Introduction

This pipeline processes a single metagenomic dataset (downloaded from NCBI SRA) from the Global Ocean Viromes dataset, identifies the viral sequences using VirSorter, and subsequently classifies them with vConTACT2. Along the way there are several intermediary steps to convert files from one KBase object to another - and though some of these can be skipped for this particular dataset - we're explicitly doing them here as to be more easily generalized to other datasets.

iVirus 2.0 on KBase — KBase Processing pipeline using iVirus 2.0 apps

Tutorial Objectives

Assemble viral metagenome using raw reads
Identify viral sequences from assembly data
Classify predicted viral sequences

Table of contents:

Scientific background... and why viruses are important!
Importing read data from the SRA
Assessing read quality with FastQC
Quality control of reads with Trimmomatic
Post-QC read quality assesssment
Assembling the data with metaSPAdes
Cleaning up contigs
Identifying dsDNA phage using VirSorter
A bit of KBase maintenance
Annotating viral genomes with Prokka
Classifying viral genomes using vConTACT2
Post-vConTACT2 analysis
vConTACT2 Quick Reference Guide
Conclusions
Version History
Feedback and Help

Background - why study viruses?!

Viruses are important for more than a few reasons!

The "most abundant biological entities on the planet"^1,2, with 10³¹ virus-like particles³

3% (0-18%) of any microbial genome is really virus^4,5

On the topic of composition, 8% of the human genome is viral^6,7

Move 10²⁹ genes per day, globally ^8,9

Lyse between 20-40% of ocean microbes daily¹⁰

They steal metabolic genes and can encode key metabolic components (like photosynthesis!)^11,12,13

Can infect other viruses (virophages)¹⁴

Viruses - not microbes - encode many of the toxins we think of as bacterial (bordtella, cholera, shiga, etc) ¹⁵

Fewer than 1% are culturable^16,17

Viruses are often hidden in datasets (both viral and microbial) this guide will help you find them!

Good luck!

Importing read data from the SRA

The reads in this dataset were generated from the Global Ocean Virome. and deposited as ERR594369. This is also known as Tara Oceans Expedition Station 36 surface ("SRF"), a coastal area in the Indian Ocean (more specifically, Northwest Arabian Sea), taken from ~5 m depth.

Image of Tara Oceans Expedition Station 36 — Figure of Station 36 location.
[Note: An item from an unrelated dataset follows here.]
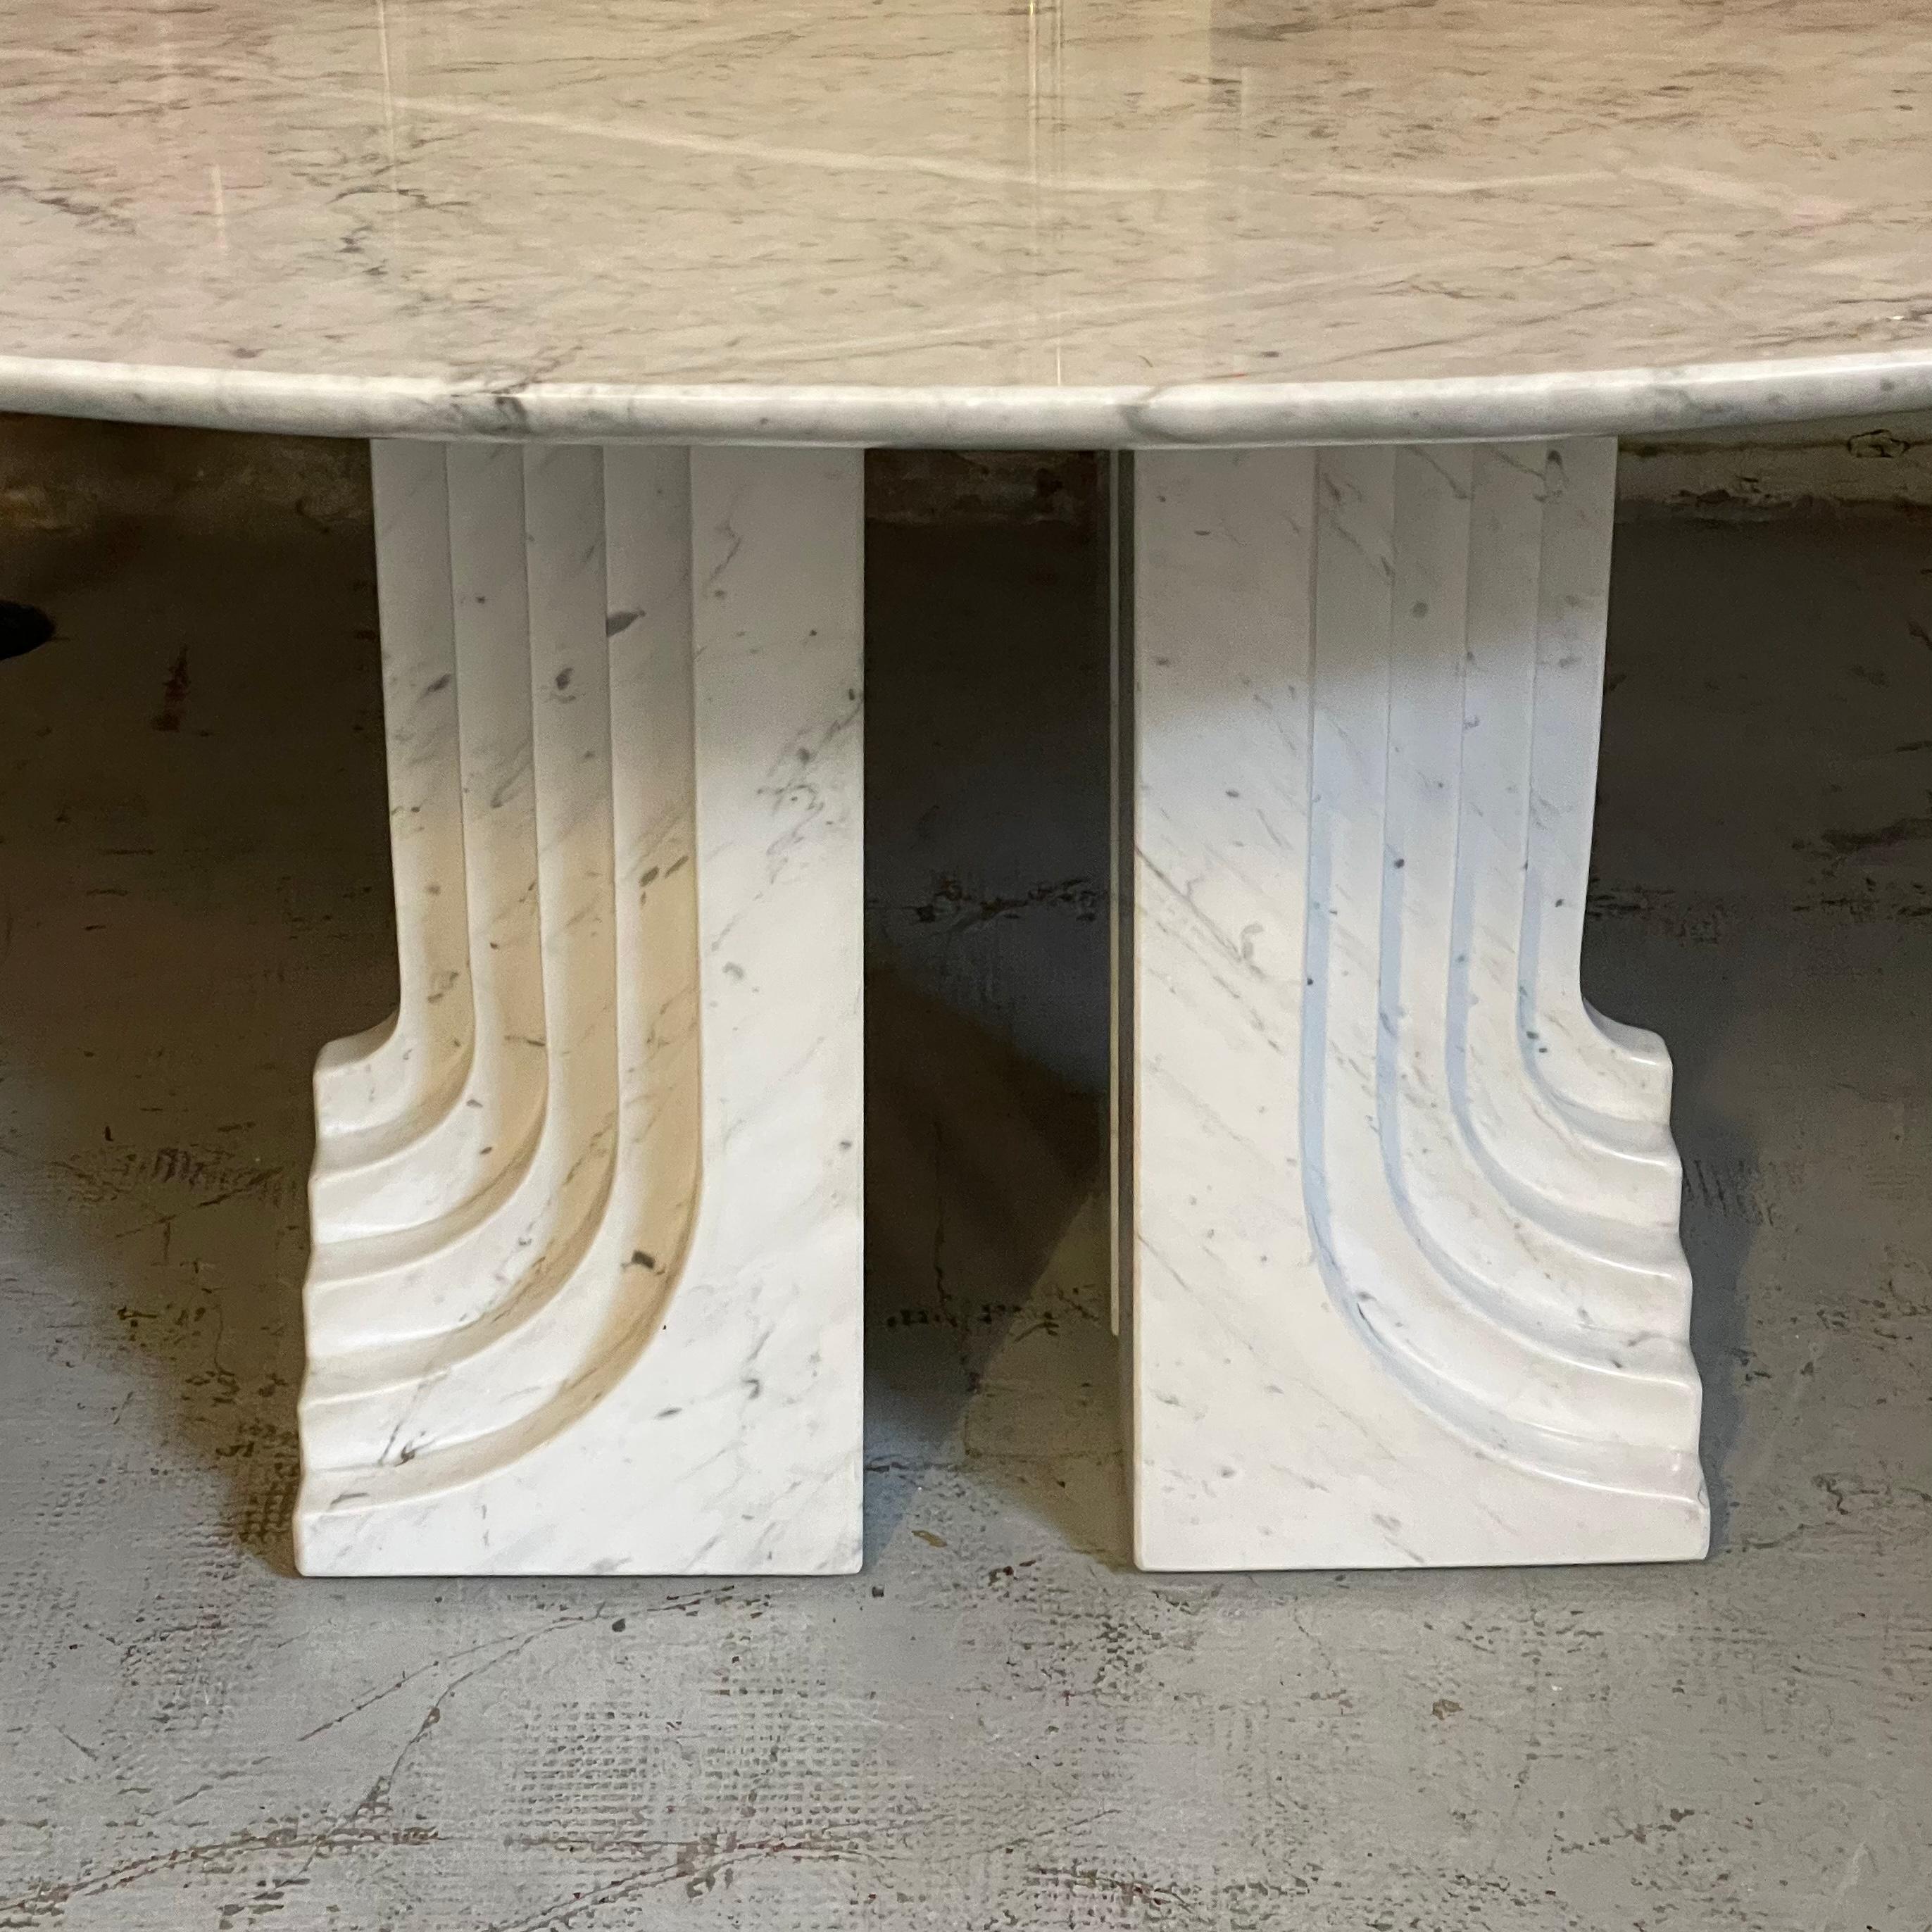 Carlo Scarpa's Samo Table is made of white marble. The legs are seated by a single block with grooves and thick oval top. If you belong to the ‘Ultrarational’ series, this item is one of a kind, an exceptional collector's item. Good condition but
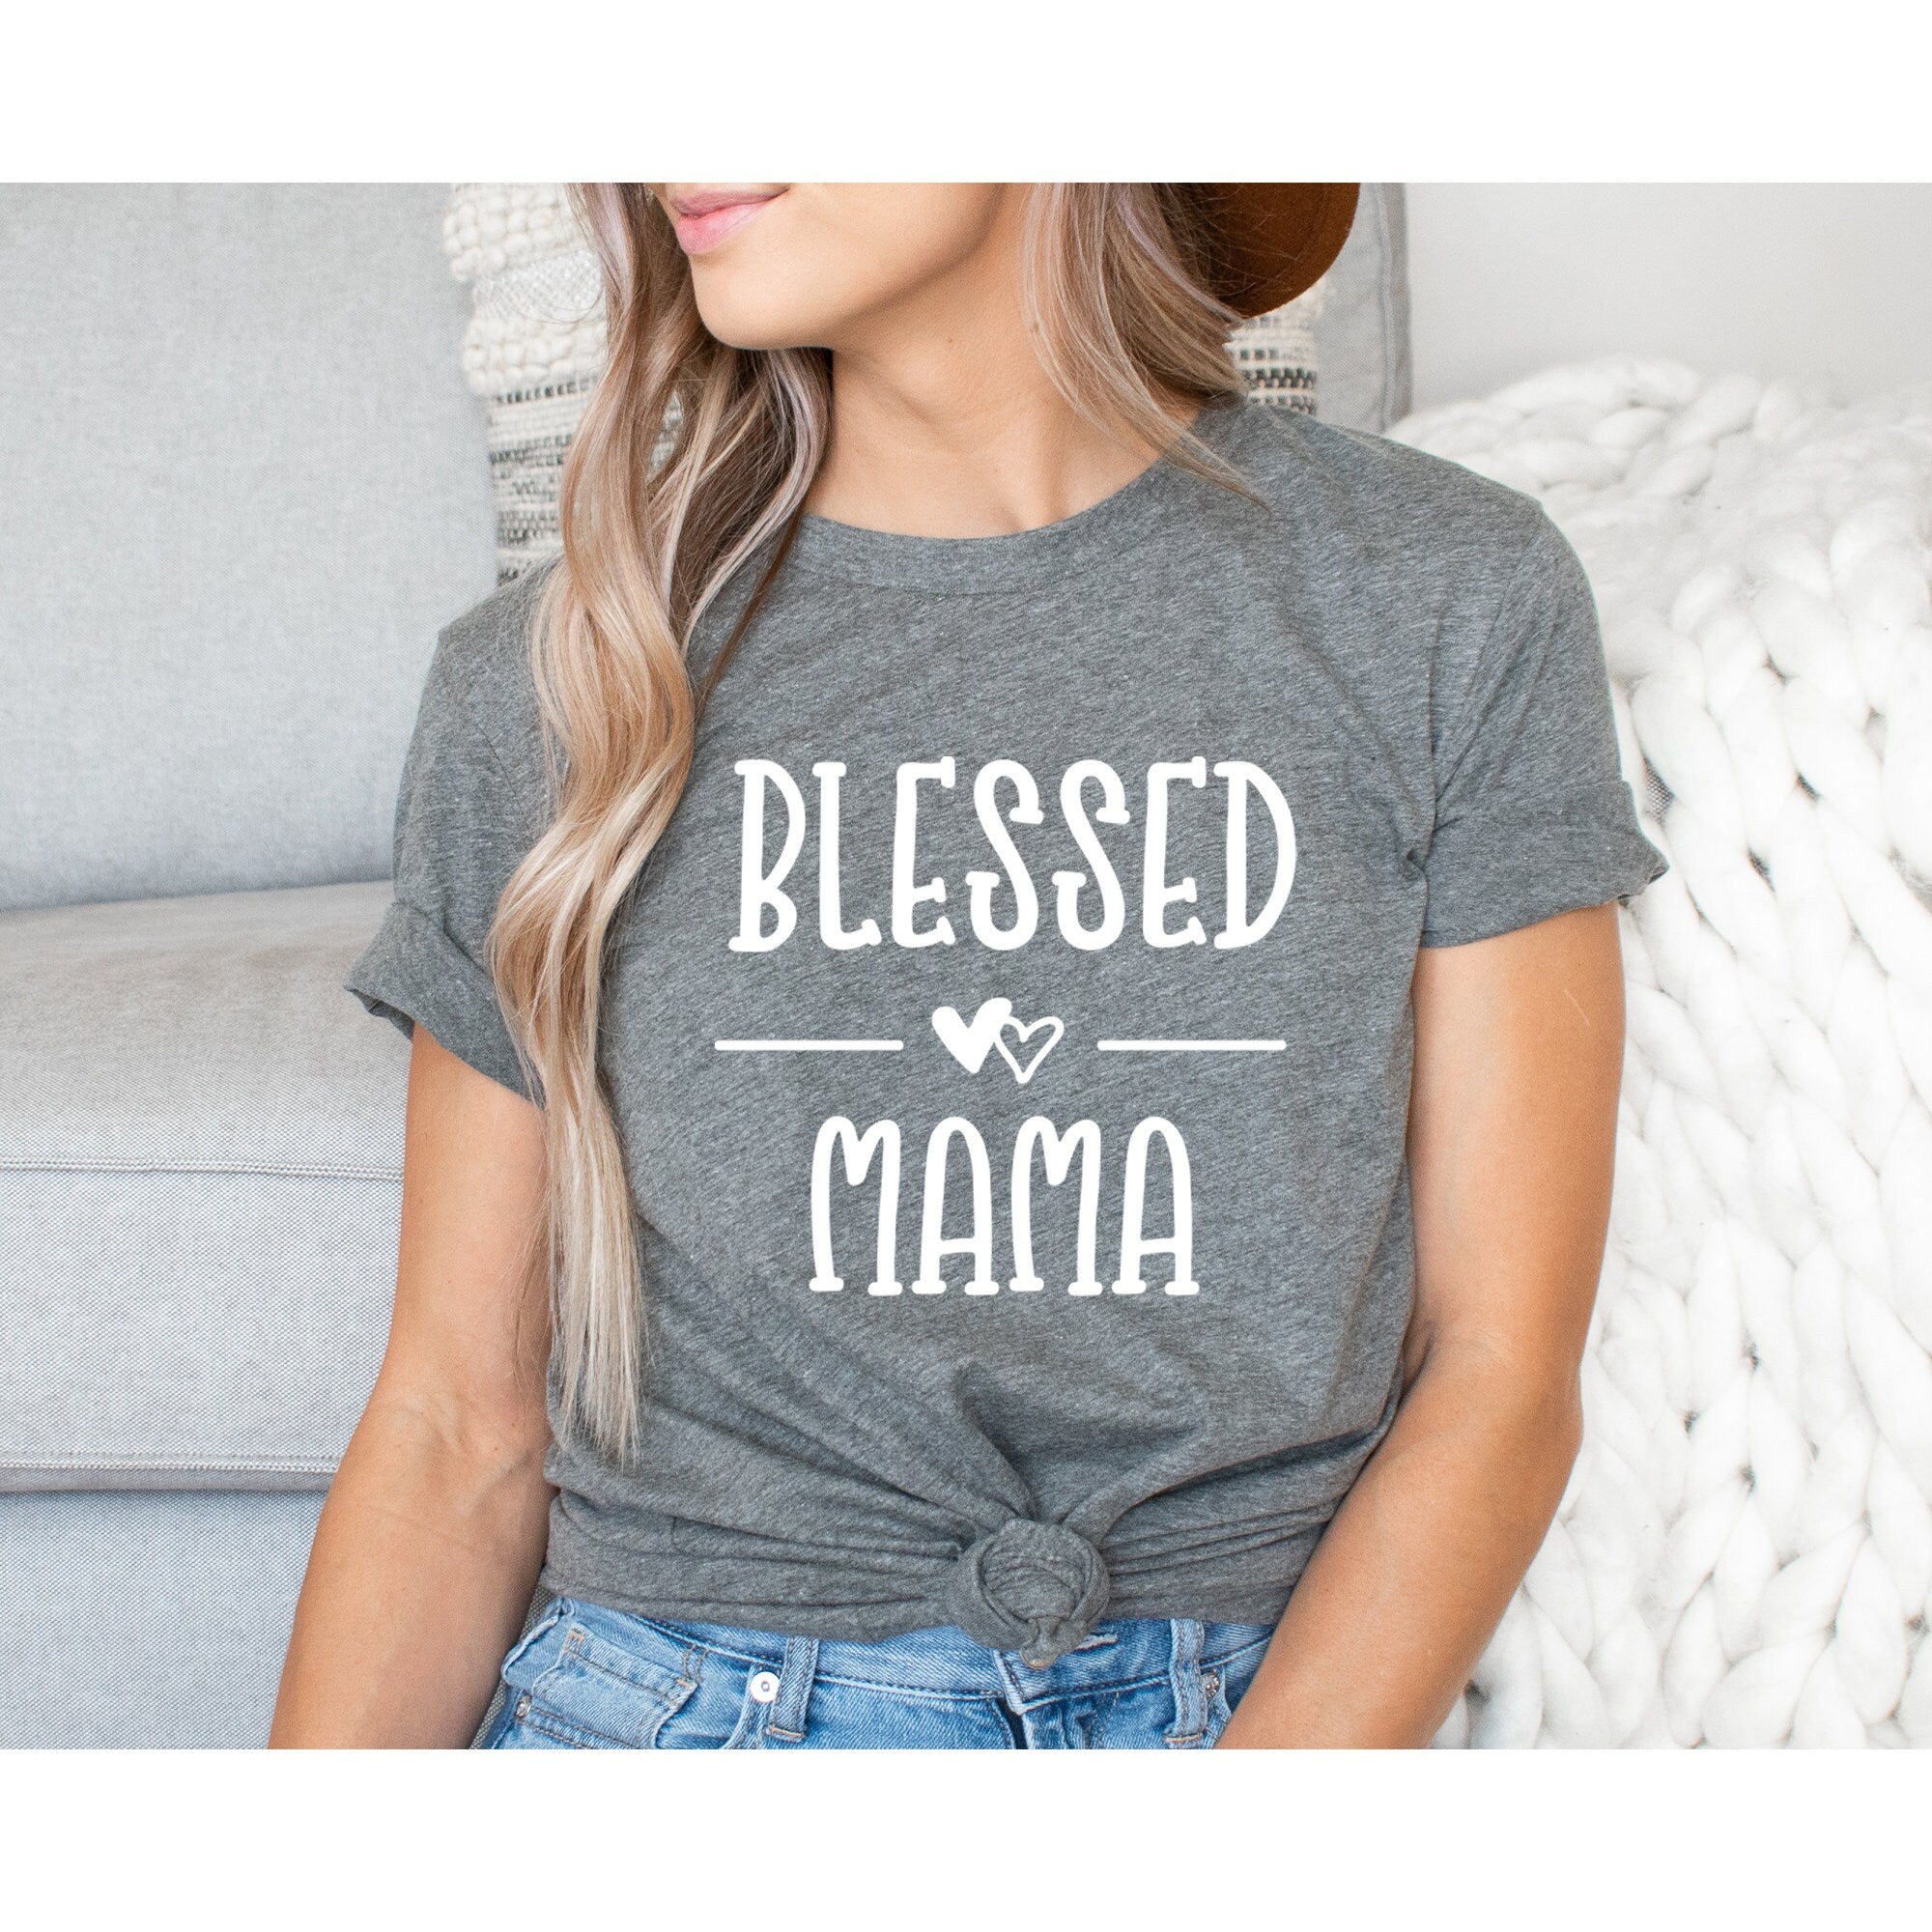 Mother's Day Gifts, Gift for Her, Mom Shirts, Mom-life Shirt, Shirts for Moms, Trendy Mom T-Shirts, Cool Mom Shirts, Shirts for Moms

Figure heavily modified from Roux et al (2016) Nature

We first need to upload these reads into KBase. Files can be uploaded through a simple drag and drop interface (to the "left" of the Narrative, in the data window, or through Globus. A full guide on data upload and download can be found at http://kbase.us/data-upload-download-guide/. For this dataset, we'll be importing our reads directly from SRA into KBase. Alternatively, you could go to the link (more below), download the file(s) from SRA directly to your computer, and then upload them into KBase.

Let's stay simple and let KBase do all the work: https://trace.ncbi.nlm.nih.gov/Traces/sra/?run=ERR594369

Below is a screenshot of the SRA page where the link is located on the page.

Importing read data from the SRA — Figure of link location to copy-and-paste into "Import SRA File as Reads" app in KBase

Assessing read quality

Following import, we always want to check the quality of the data going into an analysis. Unless you have supreme confidence in your viral isolation, extraction, sequencing preparation, and sequencing facility skills, it's always a good idea to know what quality is [eventually] going into an assembly. To quote a populat CS phrase, "Garbage In, Garbage Out." Essentially, this means that if you put poor quality data into your analysis, you're going to get poor quality results.

Quality control of reads

The FastQC of these enriched reads is already pretty good. You could get away with proceeding directly to assembly, but we'll trim reads to remove low-quality regions at the read ends and any residual adapters.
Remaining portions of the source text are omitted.